Overall, these data support the presence of the Warburg effect in CRC patients, accompanied by activation of the PP.
Metabolic alterations in tumor tissues
The analysis of metabolites comparing CRC samples to adjacent normal tissues unveiled significant alterations in glucose and fructose metabolism (Fig. 4). While no statistically significant differences were observed, D-Glucose concentrations were noted to be lower in tumor tissues compared to normal tissues, both across all patients (Fig. 4A) and in those who did not undergo glucose loading (Fig. 4B). Glucose loading before surgery appeared to normalize glucose levels among the experimental groups (Fig. 4C). A similar pattern was observed for D-Fructose levels (Fig. 4D–F). On the other hand, L-Lactic acid concentrations were significantly elevated in tumor tissues regardless of the experimental conditions (Fig. 4G–I), indicating increased glycolytic activity and lactate production in tumors. Furthermore, intermediate metabolites of the glycolytic and fructolytic pathways, such as fructose-6-phosphate (Fig. 4J) and glucose-6-phosphate (Fig. 4K), exhibited varying trends, showing a tendency towards accumulation in tumors.Fig. 4. Metabolite concentrations (D-Glucose, D-Fructose, L-Lactic acid) in tumor and adjacent tissues.D-Glucose concentration in tumor and adjacent tissues across all collected samples (A), as well as in groups without (B) and with (C) glucose load. D-Fructose concentration in tumor and adjacent tissues across all collected samples (D), as well as in groups without (E) and with (F) glucose load. L-Lactic acid concentration in tumor and adjacent tissues across all collected samples (G), as well as in groups without (H) and with (I) glucose load. Fructose 6-phosphate(J), and Glucose 6-phosphate (K) in tumor and adjacent tissues across all collected samples. The ratio of glucose to fructose in tumor and adjacent tissues across all collected samples (L).
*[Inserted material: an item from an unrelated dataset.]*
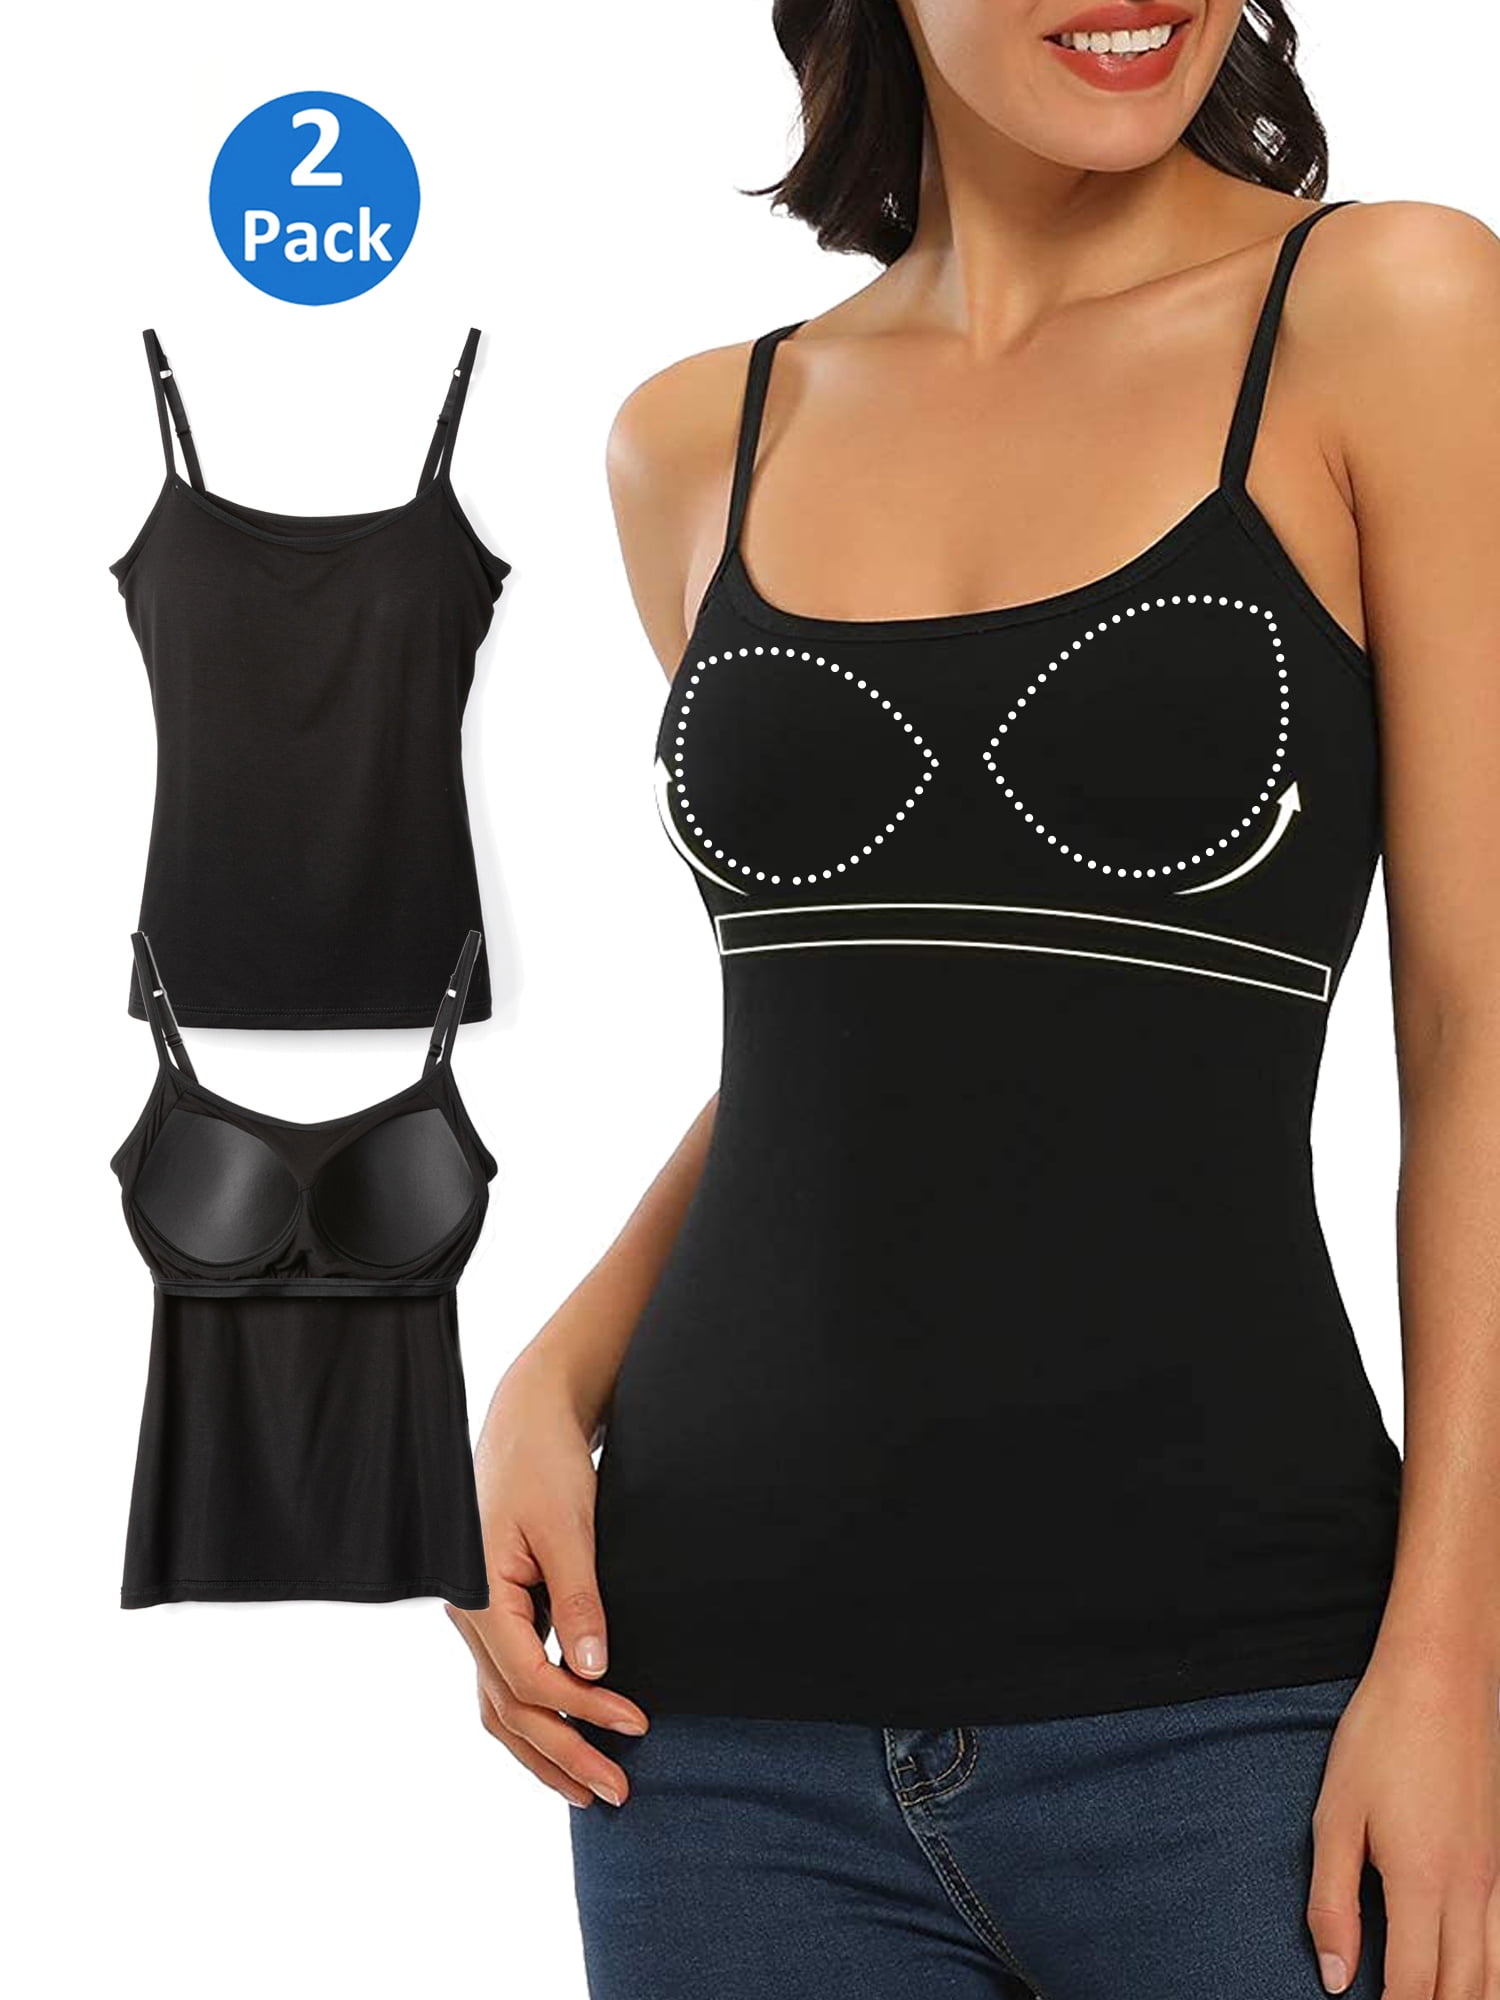 FeelinGirl Camisoles with Built in Bra Compression Tank Tops for

Notably, the glucose-to-fructose ratio was significantly reduced in tumor tissues (p = 0.037) (Fig. 4L), suggesting a potential shift towards enhanced fructose utilization in CRC. These findings collectively indicate a metabolic adaptation in CRC characterized by heightened glycolytic activity, altered fructose metabolism, and a possible reorganization of sugar utilization pathways that may facilitate cancer cell proliferation. This metabolic reprogramming aligns with the Warburg effect, reflecting a preference for glycolytic intermediates in tumor metabolism. The enhanced utilization of fructose in tumor tissues could confer a growth advantage by supporting anabolic processes and maintaining redox balance [11].
Discussion
This study sheds light on the metabolic reprogramming in CRC, emphasizing the critical role of fructose metabolism. The observed increase in serum D-Fructose and L-Lactic acid following post-glucose load highlights the systemic impact of the PP [12, 13]. The CRC tumor tissue exhibits a significant reduction of the glucose/fructose ratio, which is substantial enough to be reflected in serum metabolite levels. Whilst our findings align with prior research indicating that fructose metabolism enhances glycolysis and supports tumor growth, this is the first evidence of the Warburg effect taking place in CRC patients, with the involvement of the Polyol Pathway; this is consistent with our previous study on AKR1B1-SORD [2, 3].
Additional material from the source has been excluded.